世間であまり知られていない、LEAK STEREO 30がこんなに良い音がするから驚いている。オーディオほど噂や評判に左右されるものはない。直に聴く機会がないものだから、つい雑誌やインターネットの記事などを鵜呑みにしてしまう。有名ブランドが過大評価され、伝説化する。
オーディオは大から小まで、実に幅が広い。大型のオーディオを持てば完結するかというとそうもいかない。JBLのパラゴンを実際に聴かせてもらうと、四六時中聴き続けるのはつらいと思う。狭い部屋で聴くのも息苦しく感じる。かつてのジャズ喫茶のように、ある程度の広いスペースに、業務用として置かれていると、少しは聴いてみたくなる。でも、長続きしない。
家庭で気軽に聴けて、それほど場所をとらないサイズがいい。スピーカーは、かつてのブックシェルフサイズまでなら部屋に融け込む。アンプも、シンプルなものがいい。セパレートアンプよりプリメインの方が収納しやすい。
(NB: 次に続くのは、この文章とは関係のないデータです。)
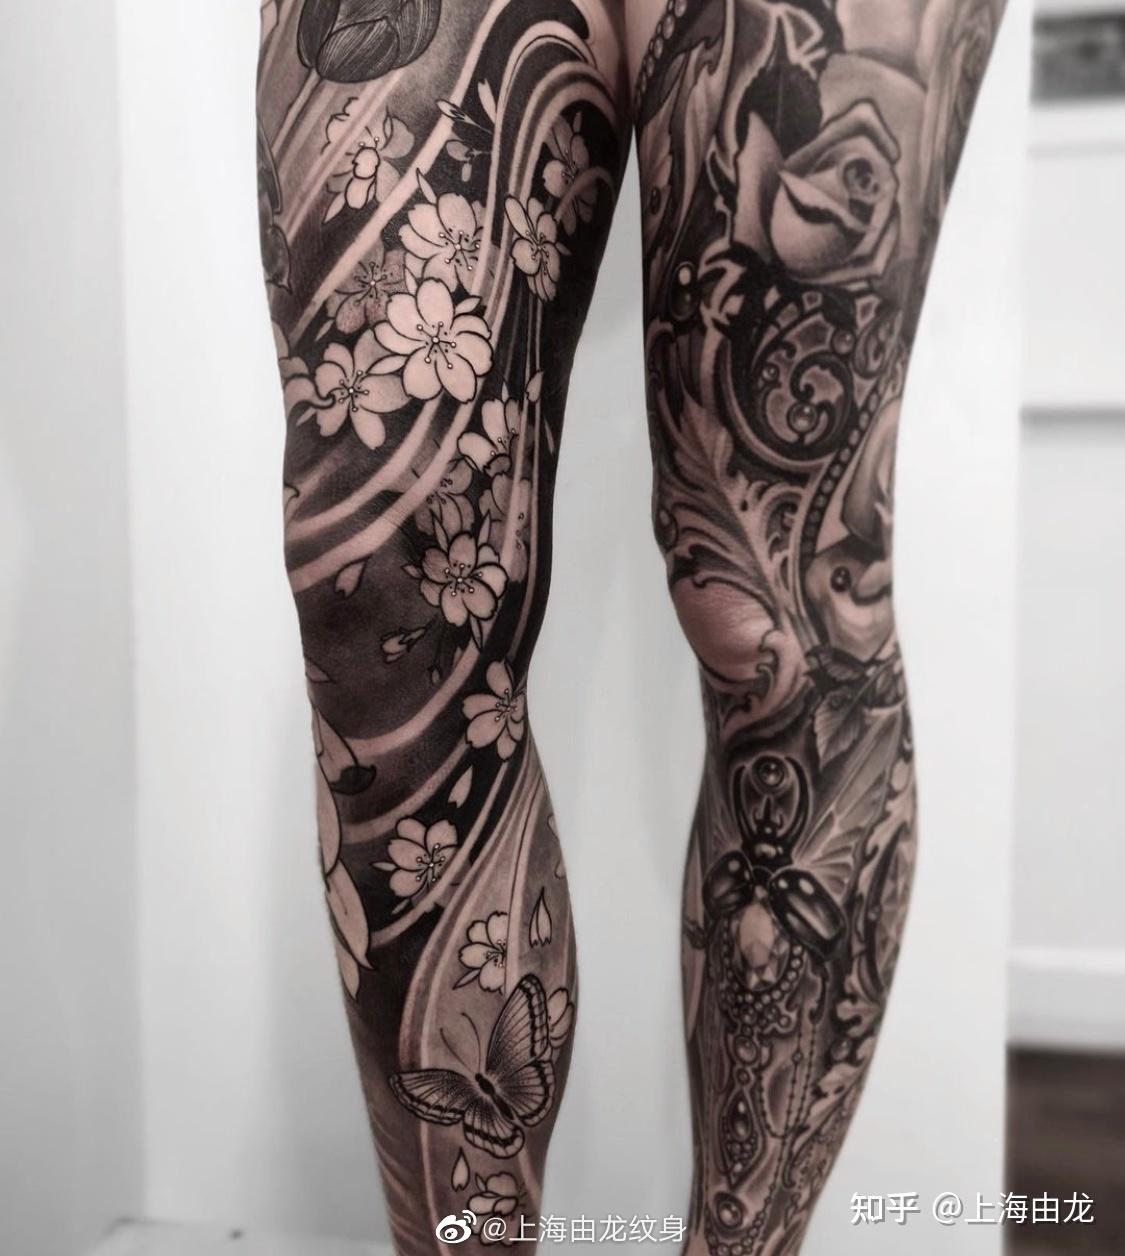 大腿性感欧美点刺花卉纹身图案-纹身图片网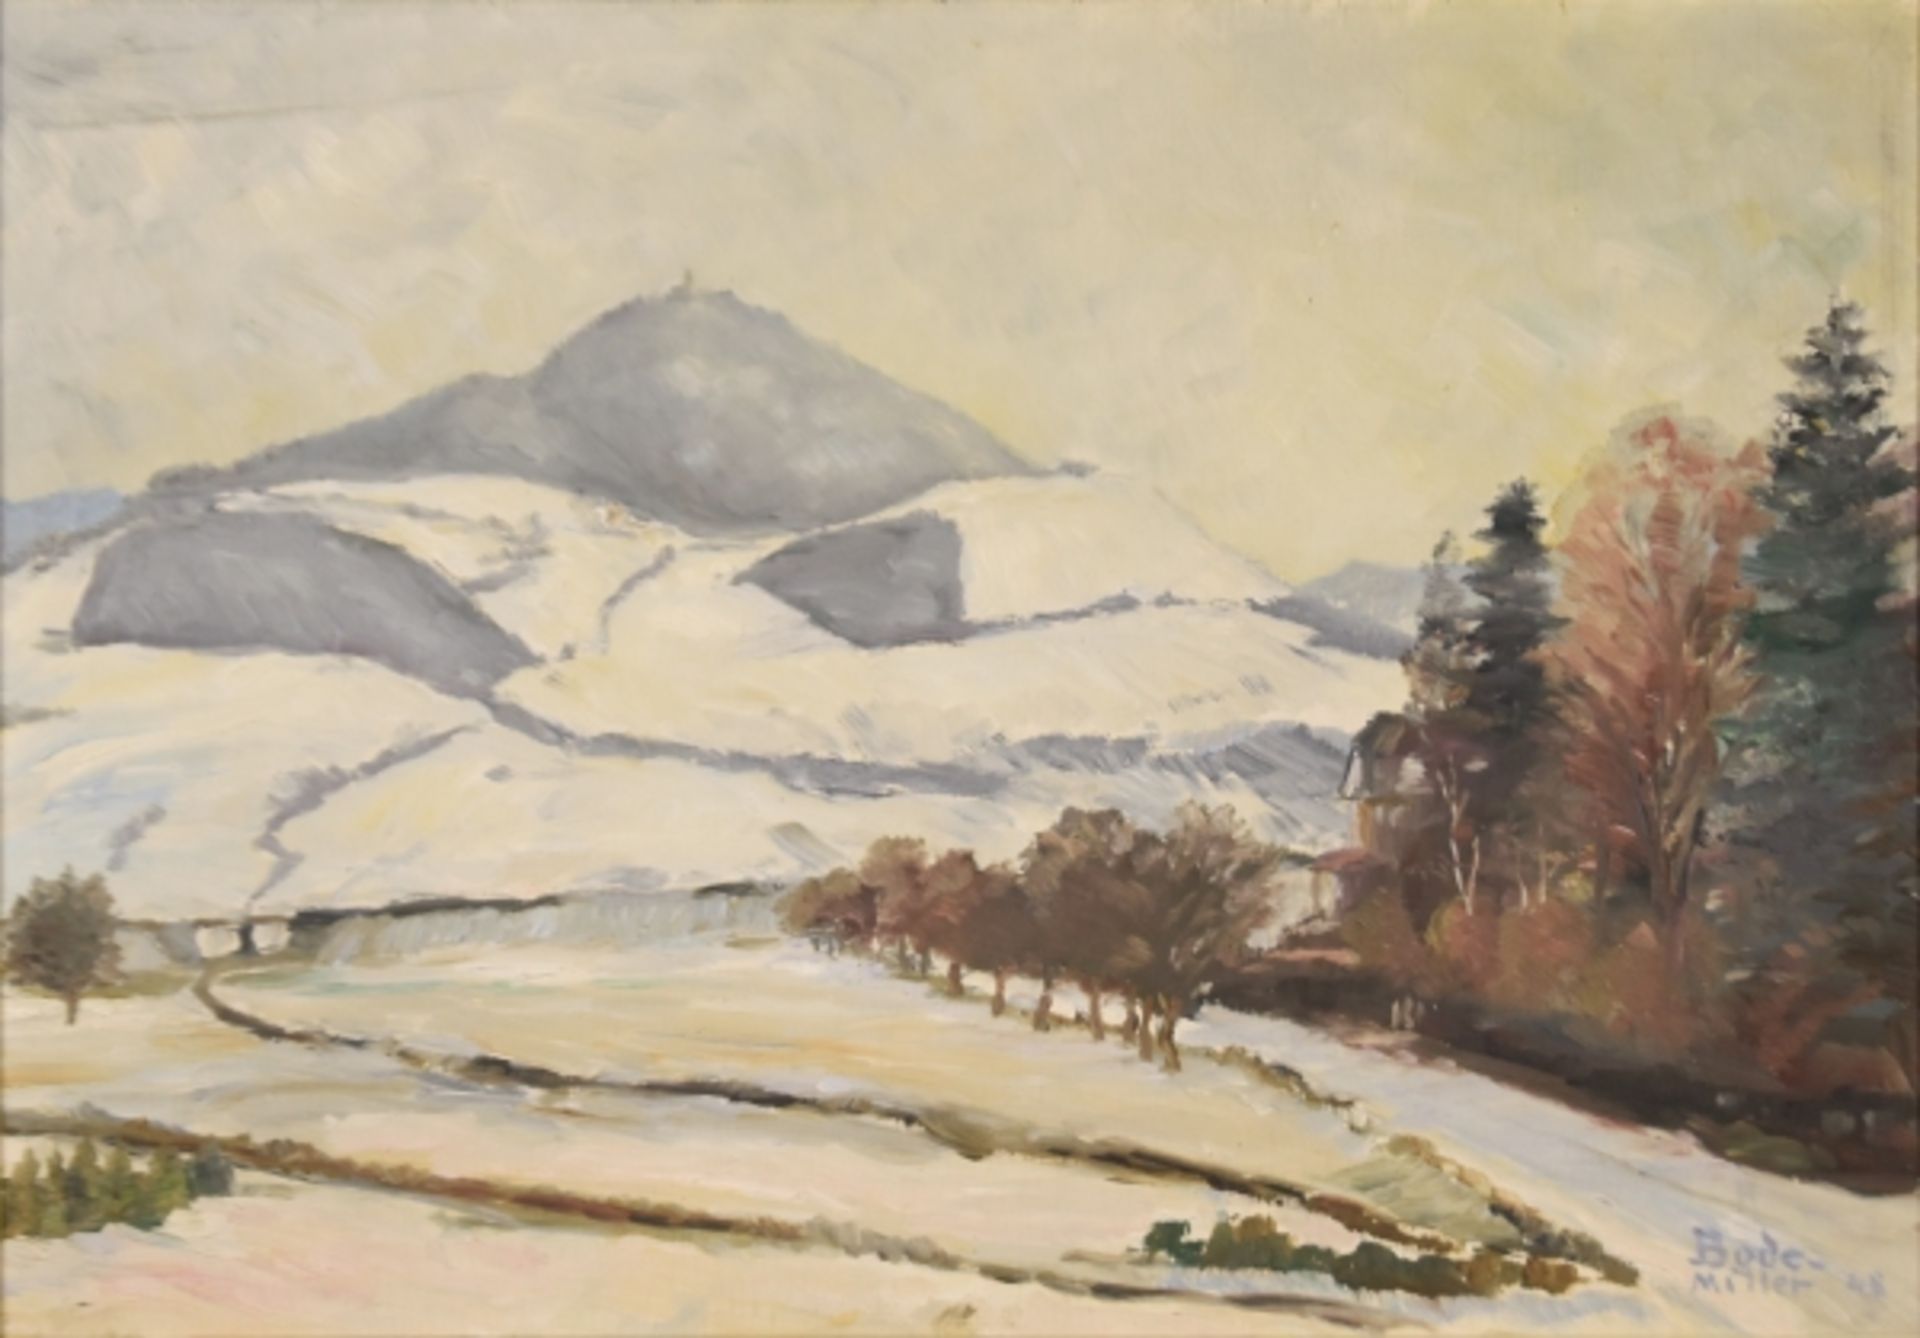 BODE-MILLER Heinrich (1878-1959) "Winterlandschaft" mit schneebedecktem Berg in weiter Landschaft,

クラシックの大オーケストラをコンサートホールで聴くような、あくまで原寸大のイメージで再生しようとしたり、ジャズの演奏をライブハウスで聴くレベルの音量で再生するなど、およそ一般家庭では無理なことを求めないところから、自分のオーディオがスタートするように思う。
片意地張らずに、いつでも手軽に聴けて、楽しめるオーディオがいい。そうは言ってもやはりいい音で聴きたい。こだわりを持って聴きたい。ボリュームはそれほど大きくなくても、演奏者の気持ちが伝わってきてほしい。単純に「いい音だ!」と思えることが条件だ。
そんな普段の身近なサイズで構成できるオーディオとして、LEAK STEREO 30は最適だと思う。前記の「いい音だ!」と思える音の出方だ。このことを説明するのは非常に難しい。それなりに求めている音に出会えれば、「これだ!この音だ!」と瞬時に思えることは確かだ。
アンプの特性はよく、温かさ、冷たさで表現される。真空管は温かいと。トランジスタは冷たいと。でも、実際にはそれほど明確に分かれるものではないだろう。実際にこれまで聴いたなかで、真空管アンプとトランジスタアンプをそのように比較して思ったことはあまりない。
アンプで音が変わる。同じスピーカーでもアンプ次第でガラッとイメージが変わる。このことは事実だ。温かいとか冷たいとかいうよりも、そのアンプをあるスピーカーに繋いだときに、そのスピーカーはどのように変貌し、自分の好みに近づくかということが、アンプを選ぶ際の指標になるような気がする。アンプ単独での評価はむずかしい。アンプとスピーカーについては歴然と相性があるように思う。
そういった点から、LEAK STEREO 30は最適だと思える。あくまでスピーカーとの相性として。LEAK STEREO 30を小型2ウェイシステムであるJENSEN MODEL2に繋ぐと、スピーカーから楽に音が出る。のびのびと歌い出す。一枚ベールが剥がれたようなリアルさが出現する。誇張がなくなり、うるさくなくなる。非常に自然だ。解像度がやたら高いわけではないが、演奏者の気持ちやニュアンスが伝わってくる。特にこれらの音の出方はヴォーカルを再生するときに顕著に現れる。